弦を伝わる波の速さの式 v=√(S/p) をわかりやすく解説|平方根の変形で混乱しないコツ

物理学

物理で弦を伝わる波の速さを学ぶとき、よく登場するのが

v=√(S/p)

という式です。

ここで、vは波の速さ、Sは張力、pは線密度を表しています。

この式を変形するとき、「張力の平方根って何?」「√S=v√pになるの?」と混乱する人はかなり多いです。

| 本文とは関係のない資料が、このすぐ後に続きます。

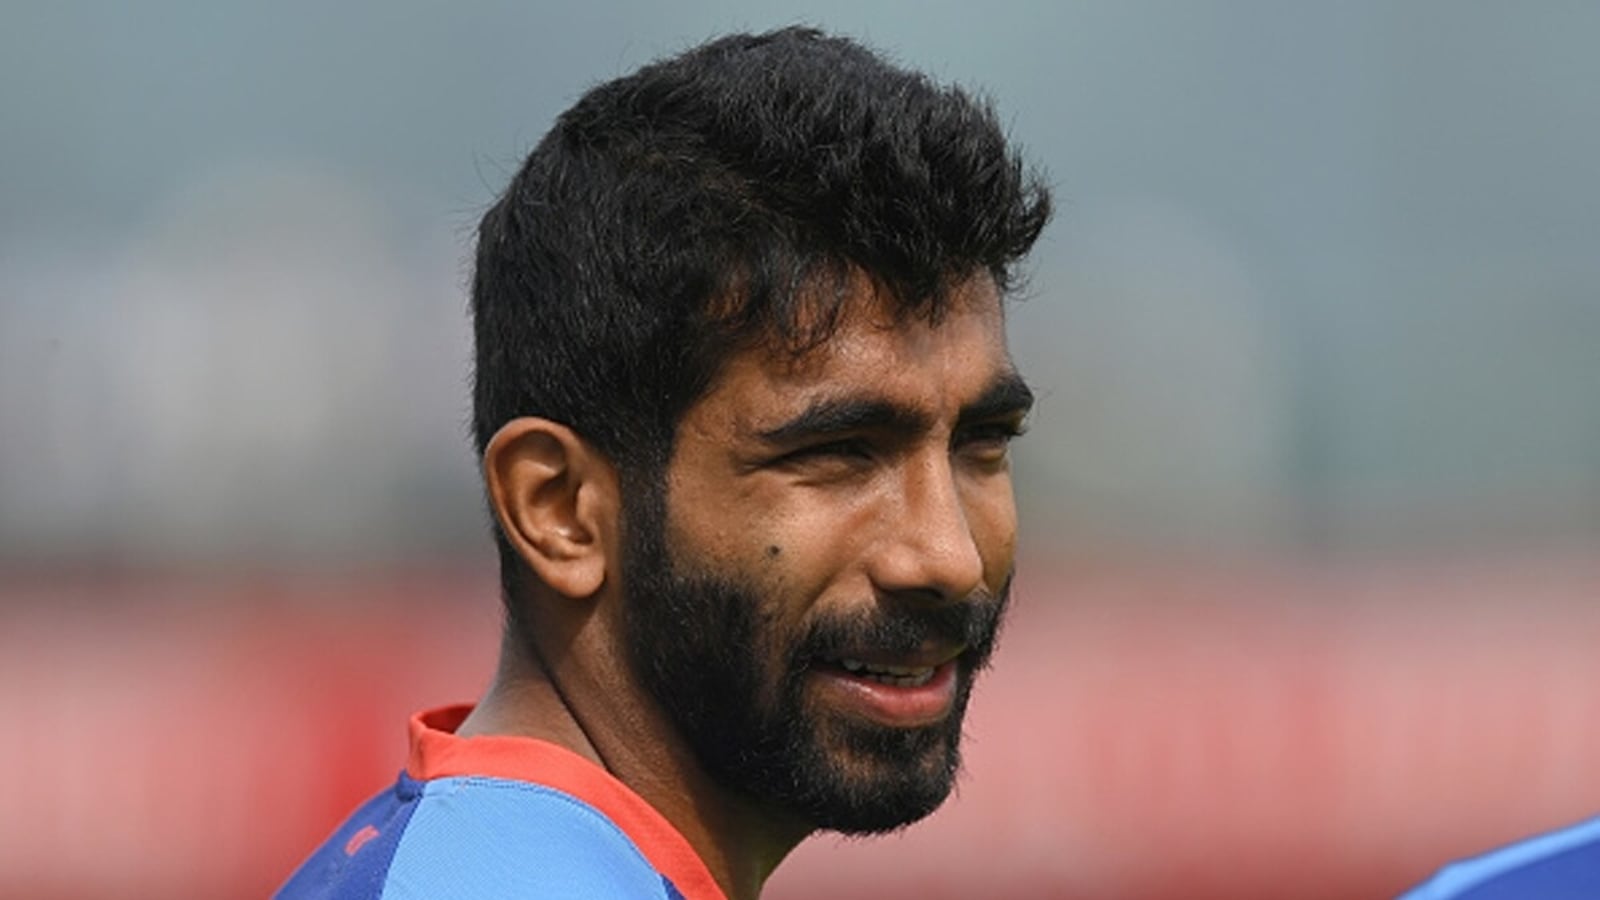 i-wasn-t-always-like-this-when-i-first-started-playing-cricket-jasprit-bumrah-opens-up-on-dealing-with-setbacks
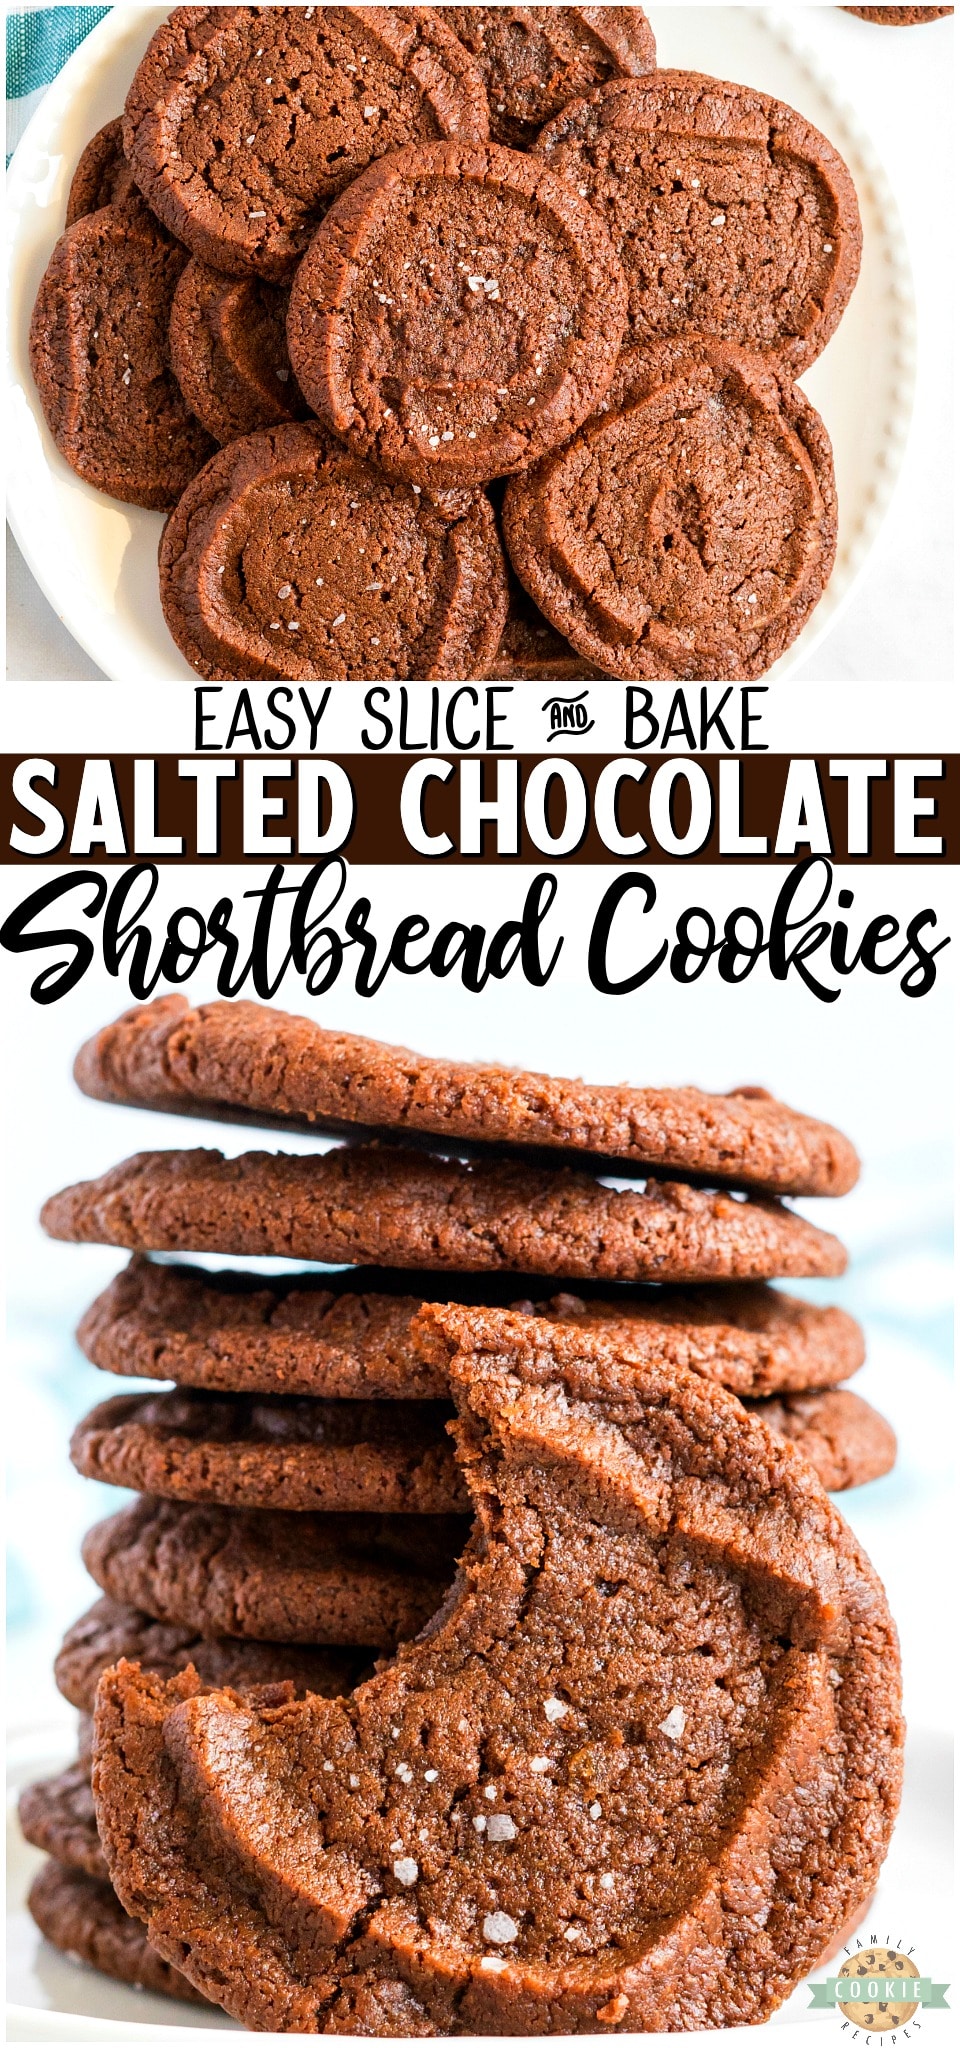 Salted Chocolate Shortbread Cookies made with cocoa powder and butter & topped with flakes of sea salt for the perfect chocolate cookie! Buttery shortbread slice & bake cookies that everyone enjoys! #shortbread #cookies #chocolate #seasalt #dessert #baking #easyrecipe from BUTTER WITH A SIDE OF BREAD via @buttergirls

この記事では、高校数学・高校物理レベルで、この式変形を丁寧に整理していきます。

まず平方根の基本を確認する

平方根とは、「2乗したら元に戻る数」のことです。

例えば、

  • √9=3
  • √16=4
  • √25=5

となります。

つまり、√Sというのは、「2乗するとSになる数」という意味です。

張力Sそのものに特別な意味があるわけではなく、普通の数字として平方根を取っているだけです。

v=√(S/p) の式を変形してみる

では、

v=√(S/p)

を変形してみます。

平方根には、

√(a/b)=√a/√b

という性質があります。

そのため、

v=√S/√p

と書けます。

ここで両辺に√pを掛けると、

v√p=√S

になります。

つまり質問にある、

√S=v√p

という変形は正しいです。

なぜそう変形できるのか

これは普通の文字式と同じ考え方です。

例えば、

x=a/b

なら両辺にbを掛けて、

xb=a

になります。

今回も同じで、

v=√S/√p

に対して両辺に√pを掛けているだけです。

特別な操作ではありません。

物理的には何を意味しているのか

この式には、弦の振動の特徴が表れています。

増えるとどうなる?
張力S 波の速さvが大きくなる
線密度p 波の速さvが小さくなる

つまり、弦を強く張るほど波は速く伝わります。

逆に、重い弦ほど波は伝わりにくくなります。

ギターの弦を強く張ると音が変わるのも、この性質と関係しています。

「平方根がつく」と難しく感じる理由

高校物理では、文字が多い式に平方根が付くと急に難しく見えます。

しかし実際には、数学的には普通の数と同じです。

例えば、

√x×√x=x

や、

(√x)^2=x

など、基本ルールを使っているだけです。

物理だから特別な平方根になるわけではありません。

よくあるミス

この単元では、次のようなミスが多いです。

  • √(S/p)=√S/p としてしまう
  • √S+√p=√(S+p) としてしまう
  • 両辺に掛ける操作を忘れる

特に、

√(a+b)≠√a+√b

は非常に重要です。

平方根の計算ルールは丁寧に確認しておくと安心です。

具体例で確認する

例えば、

S=100

p=4

なら、

v=√(100/4)

=√25

=5

となります。

また、

√S=√100=10

v√p=5×√4=5×2=10

となり、

√S=v√p

がちゃんと成立していることが確認できます。

まとめ

弦を伝わる波の速さの式 v=√(S/p) は、平方根の基本ルールを使えば普通に変形できます。√(S/p)=√S/√p とできるので、両辺に√pを掛ければ √S=v√p となります。つまり質問の変形は正しいです。平方根が入ると難しく見えますが、実際には高校数学の基本計算をそのまま使っているだけです。まずは「平方根も普通の文字と同じように扱える」という感覚を持つと、物理の式変形がかなり楽になります。